Lee Daniels says that you told him things about the character that he had not considered. Do you remember what?
Gabby Sidibe: Being a fan of the book, anytime they wanted to do something a little different I would get up on a soapbox, saying, ‘No, you can’t do that because they didn’t do that in the book and we can’t change the book.’ I am anal and got very serious about the character. I have probably told him a lot of things just because there are so many layers to Precious and he just thought because she was big and dark skinned that she had to be a certain way. But in meeting me, I am big and I have dark skin but I am certainly better than what he thought of me. He thought I would be not so and certainly I changed his idea of who Precious is, based on the way I am.
What were you thinking during the audition?

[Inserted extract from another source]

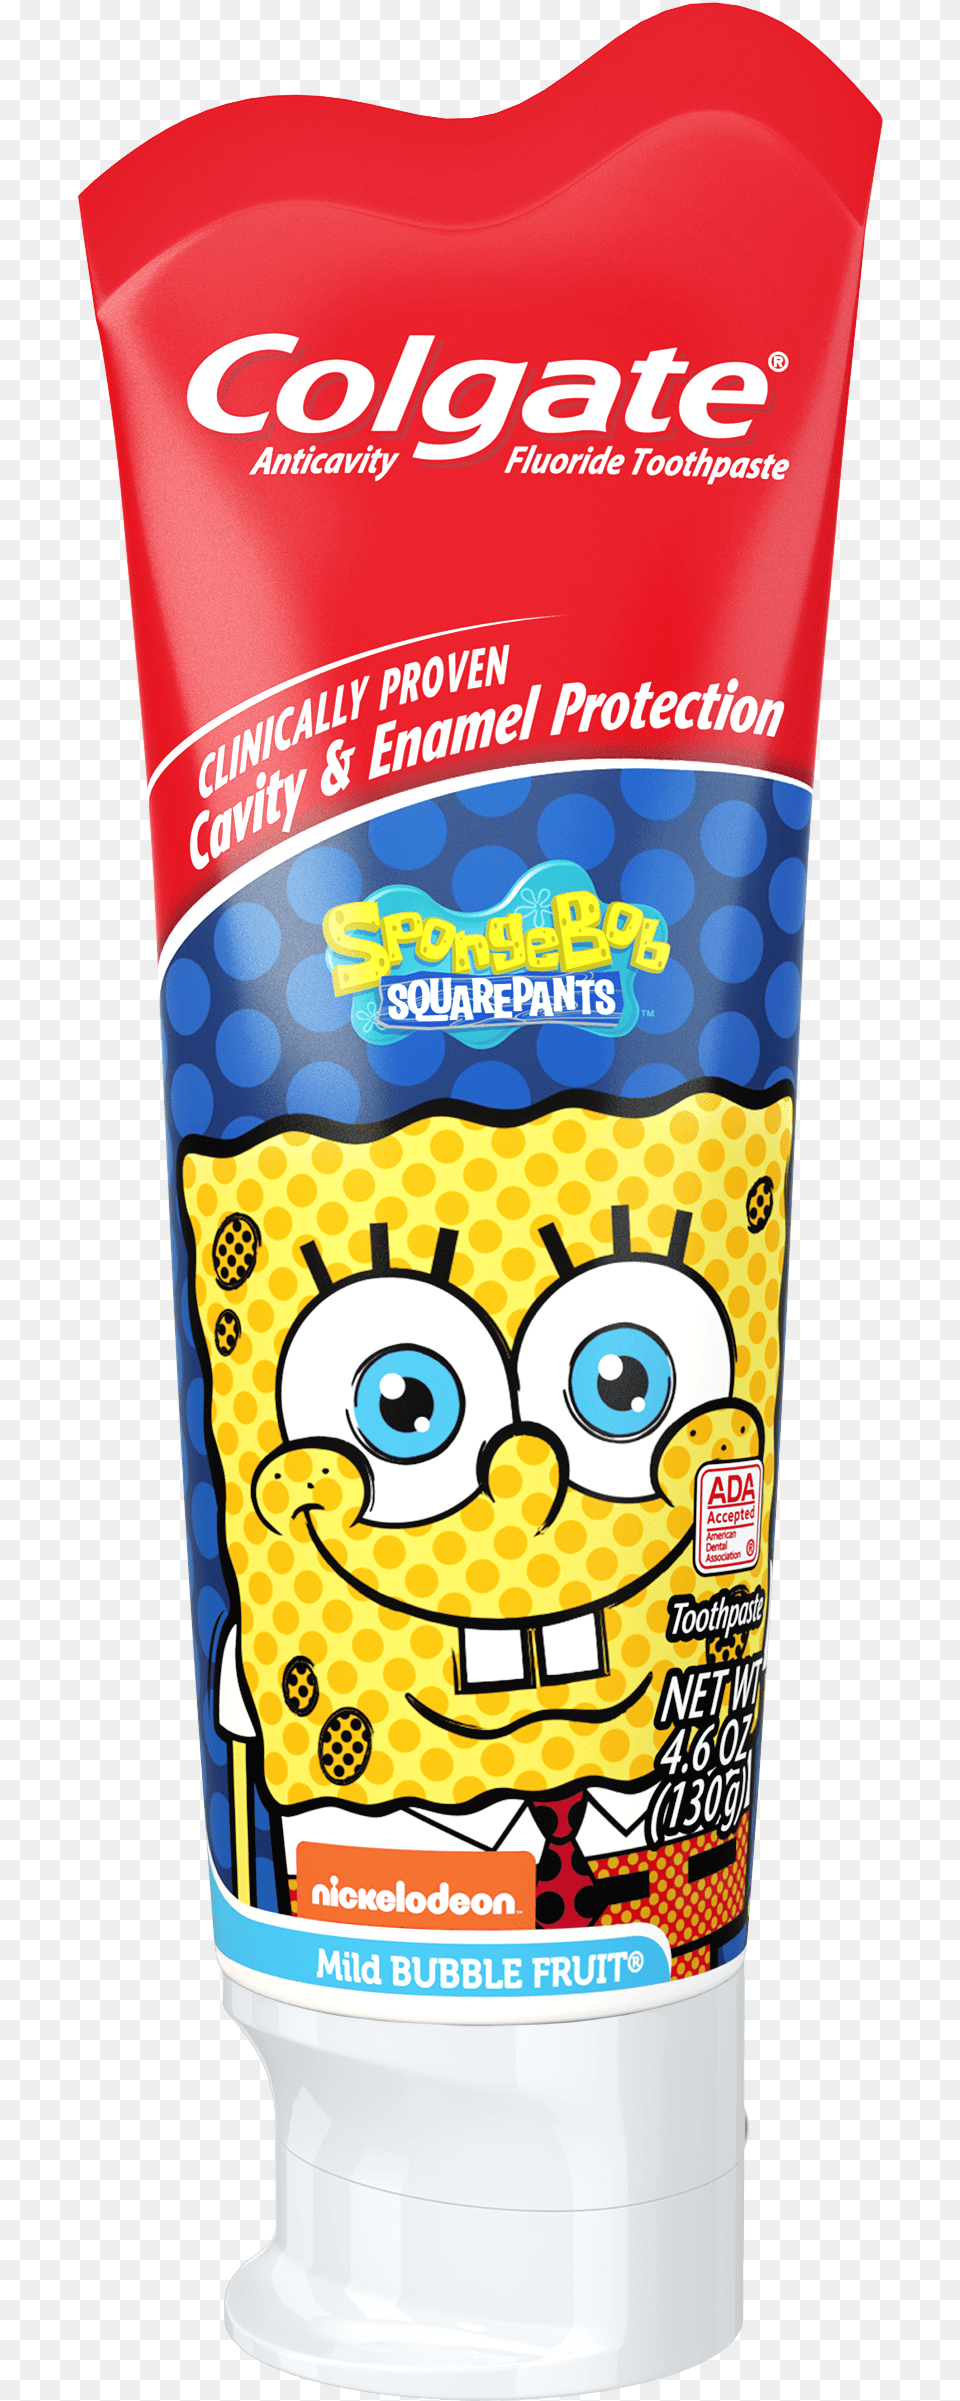 Colgate Spongebob Squarepants Fluoride Toothpaste Mild Colgate For Kids Spongebob, Bottle, Cosmetics, Sunscreen, Alcohol Png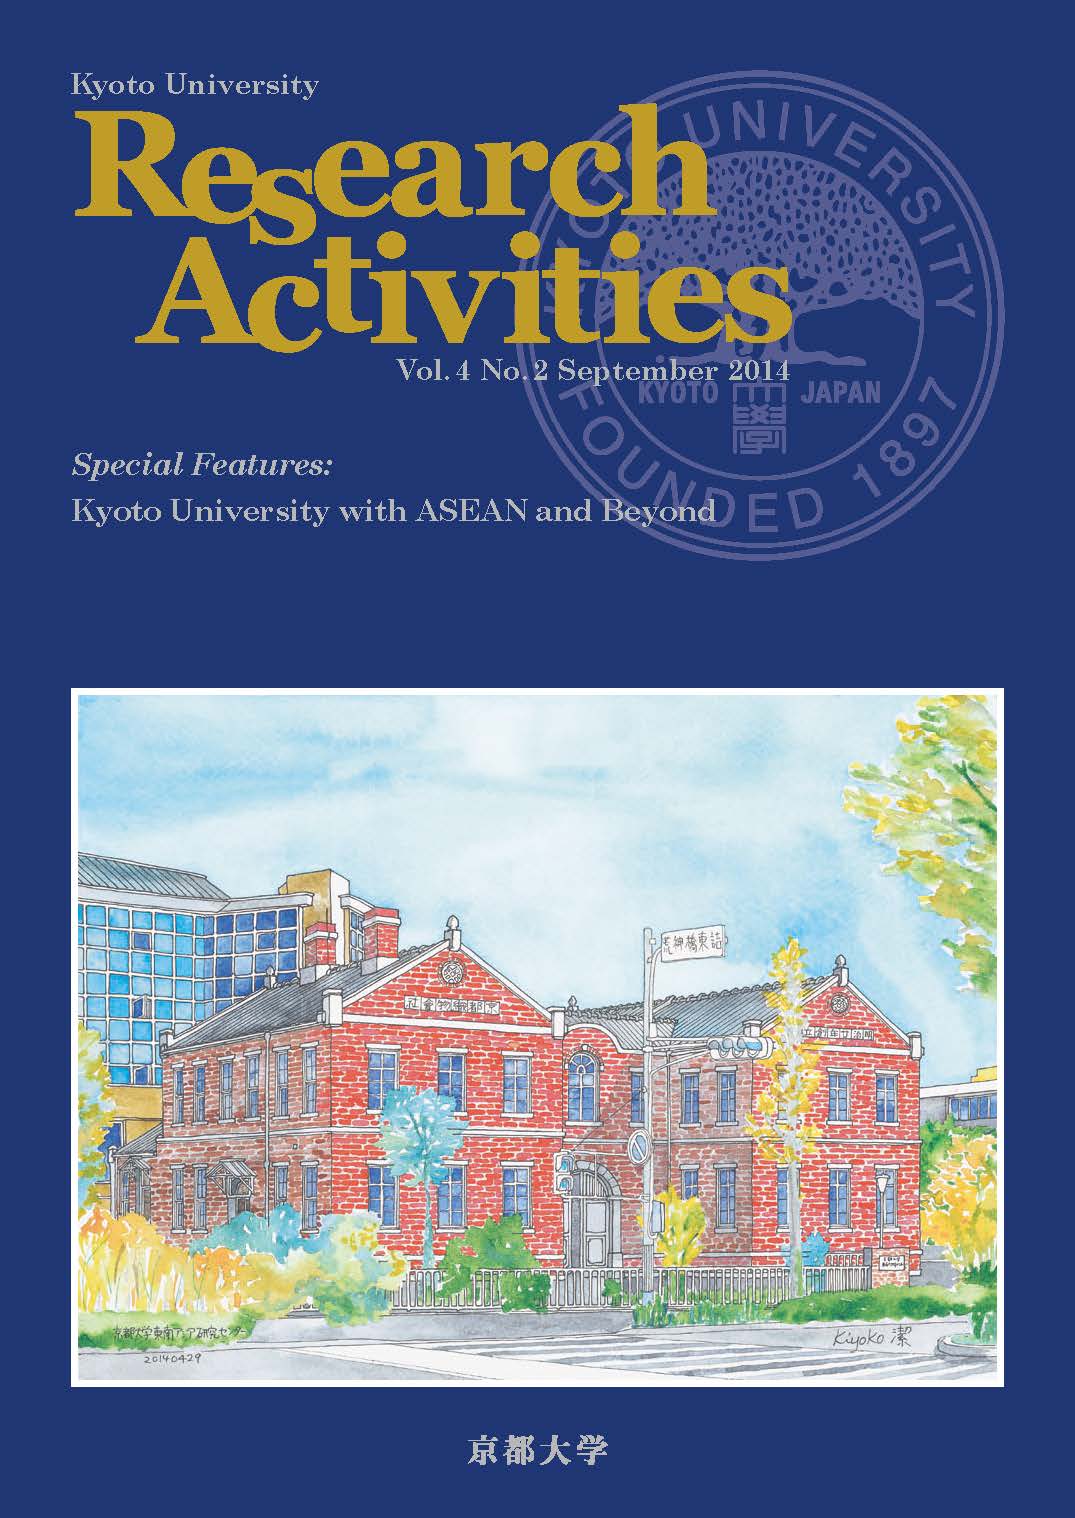 Kyoto University Research Activities Vol.4 No.2 September 2014

Gabby Sidibe: It was the scene where Precious meets Ms Weiss for the first time, the social worker, and I was given about three minutes with it. I hadn’t seen the scene beforehand. For the most part if you have a manager and the manager submits you for the role then they will email you the sides to the audition so you can prepare the night before. But since this was an open casting call I just showed up, no appointment, no nothing. And they had sides available so I was given three minutes with it and I went in and I did it. I remember thinking that it was a complete waste of time. Billy Hopkins was in the room with his assistant director Jessica Kelly and I wasn’t nervous at all, because I was feeling pretty stupid for having cut class and I was wondering about what I was missing. That was pretty much all that was on my mind. I wasn’t nervous at all because I didn’t think I had it all; I thought that I had zero chance of actually getting the part.
There are many layers to character and some very harrowing scenes to film…
Gabby Sidibe: I tend to disappear when I am acting as Precious. I am blank, completely, I am just feeling every emotion as Precious would feel it and how she should feel it. I leave my body and I take on this character. It is such a weird thing to describe because at first you do a certain amount of takes for every scene, sometimes more than others and for each time it is all brand new information and it a real revelation. It never grows cold or dead to me.
Precious dreams about the red carpet in the movie. How are you finding it yourself?
Gabby Sidibe: Red carpets are more fun in the film. Photoshoots are more fun in life. That’s the way you split that. Red carpets. They don’t suck but they are actually more fun to film than to actually do. Photoshoots are really awesome because sometimes they give you the clothes you are wearing. They give you free shoes and stuff like that!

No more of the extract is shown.